─── SOURCE DATA

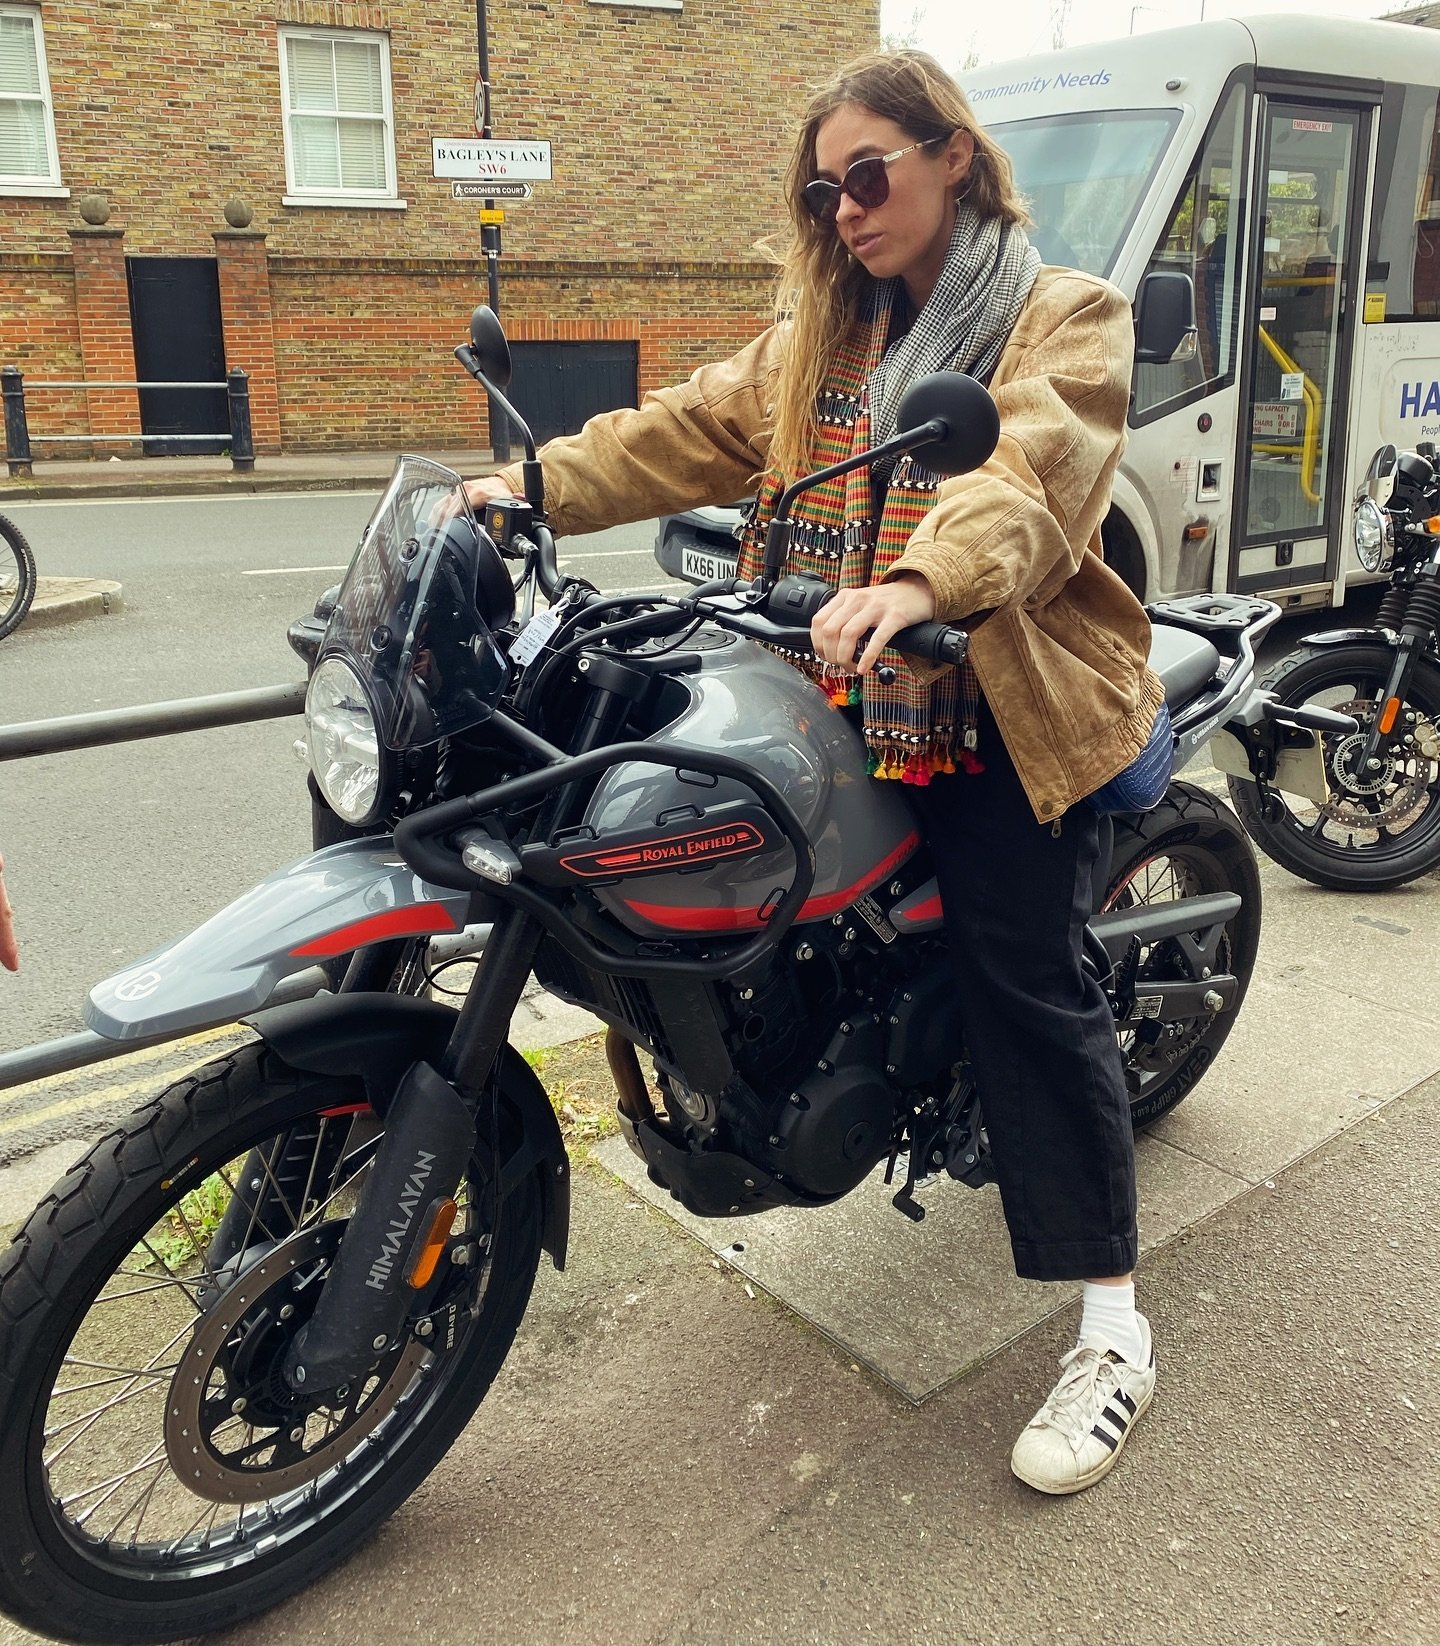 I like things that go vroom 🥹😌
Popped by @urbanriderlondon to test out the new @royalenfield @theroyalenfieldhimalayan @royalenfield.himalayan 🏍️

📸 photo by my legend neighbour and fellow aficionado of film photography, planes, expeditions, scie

──────

• _EXERCISE OBJECTIVE_
Reproduce the listing in full and exactly, excluding any pictures it holds.

• _ANSWER_
 I like things that go vroom 🥹😌
Popped by @urbanriderlondon to test out the new @royalenfield @theroyalenfieldhimalayan @royalenfield.himalayan 🏍️

📸 photo by my legend neighbour and fellow aficionado of film photography, planes, expeditions, scie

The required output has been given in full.